Many do-it-yourself handymen find building a greenhouse to be a fun and rewarding project. Over the years, we have helped advise hundreds of people with their custom greenhouse projects. The most successful endeavors have been those that are carefully thought out and planned. Building a greenhouse does not only take good construction skills, but it is also important to research the best materials to make a strong, efficient, and healthy structure for your plants.

Before beginning construction, you should do plenty of research on how to build a greenhouse. Be sure to speak with other greenhouse gardeners and your local nursery employees to get their input and suggestions, and also consult many of the relevant greenhouse construction and planning books available. Some important points to consider are the best location to build a greenhouse, as well as the greenhouse construction materials and the general greenhouse design you want.
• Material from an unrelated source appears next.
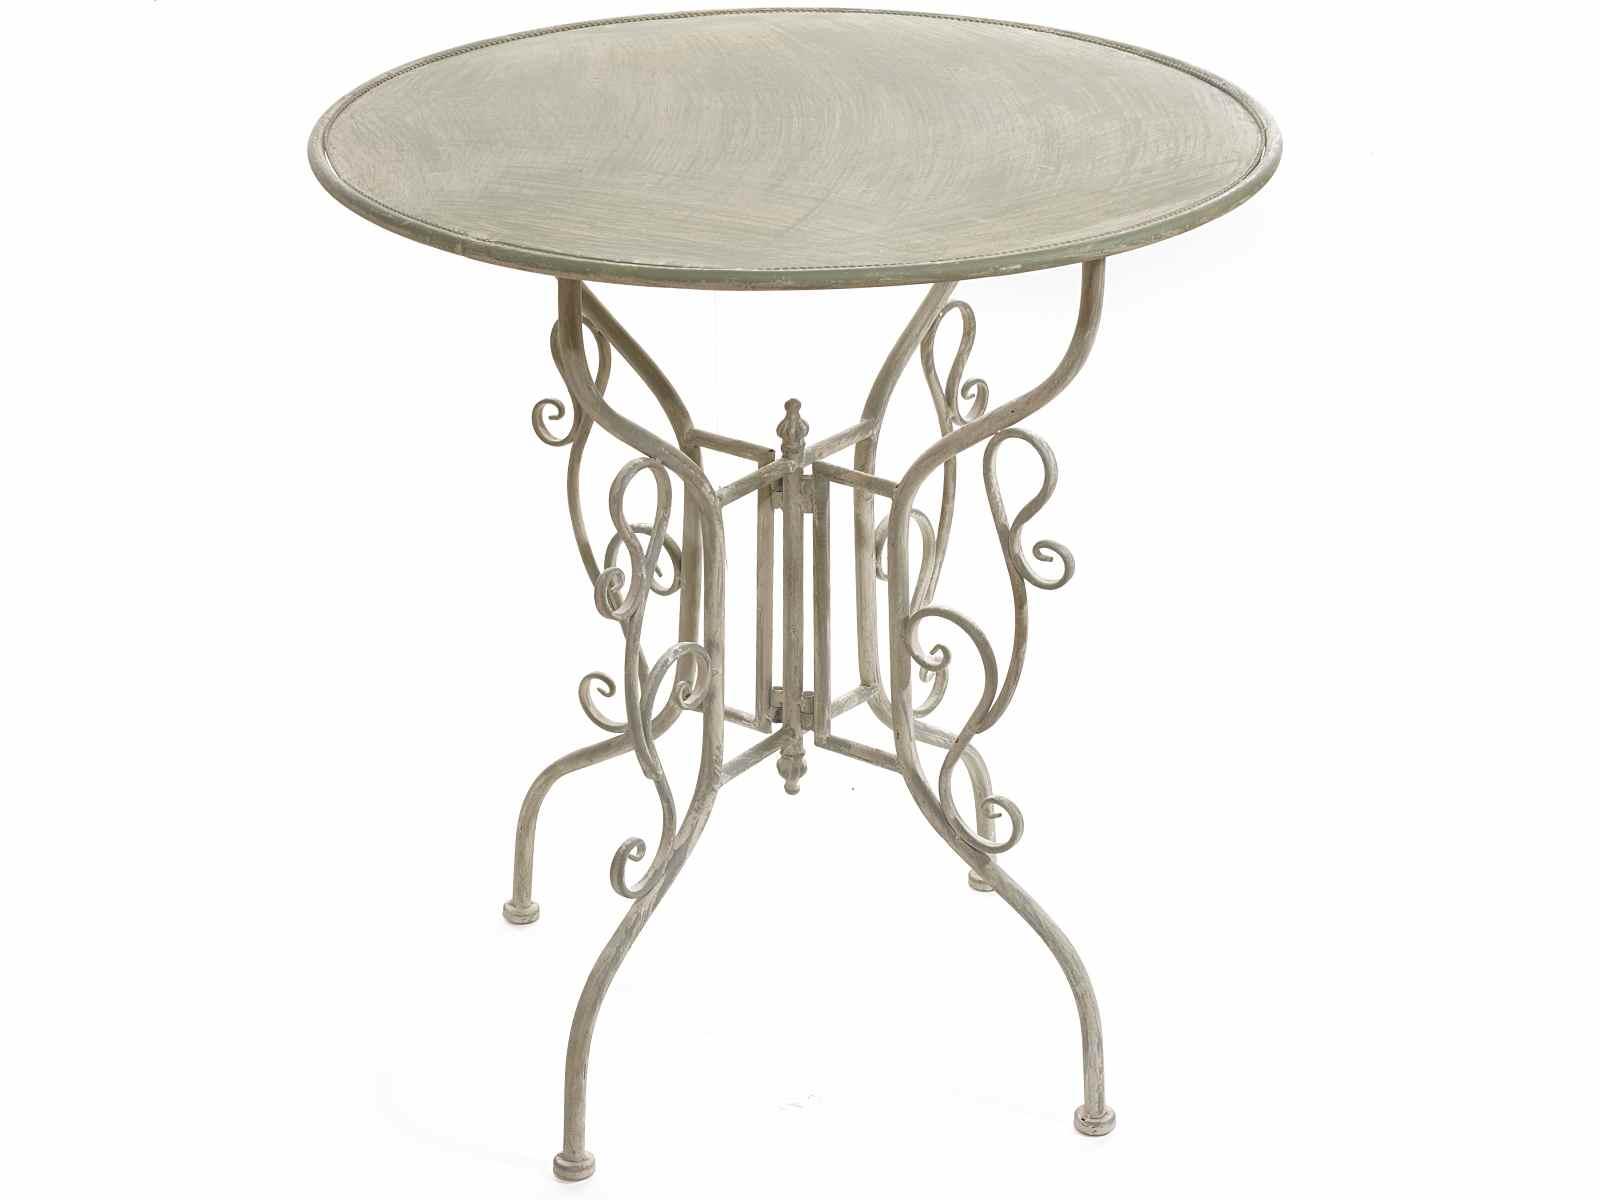 Table de jardin en métal avec garnitures vertes (53.20.55 ...

When building a greenhouse, you need to ensure that the greenhouse you construct will be adequate for your region. For example, if you often get heavycustomer greenhouse photo snow, it is advisable to use materials that are especially strong and durable for your greenhouse. Another concern with wintry weather is heat loss. If you plan to use the greenhouse year-round it will be important to choose insulated framing and insulated greenhouse covering materials that will help hold in the heat.

Many people must also deal with the challenges of windy areas when building a greenhouse. In this case, it is important to choose sturdy greenhouse building materials and design your greenhouse with a shape that will allow wind to pass over the structure. (Rounded styles often work well for high-wind areas.) Once the greenhouse is built, make sure to secure it to the ground or a foundation to ensure it will not blow away.

The location for your new greenhouse should also be chosen with care before you begin building your greenhouse. It will need plenty of sun, although some partial shade may be fine. Southern exposure is best. Orient your greenhouse so it gets as much Southern exposure as possible (for example, if you have an 8'W x 16'L greenhouse, the greenhouse should be oriented East/West so the longest side faces south.) Make sure that you will be able to run electricity and water to the greenhouse to power heaters and fans and water your plants.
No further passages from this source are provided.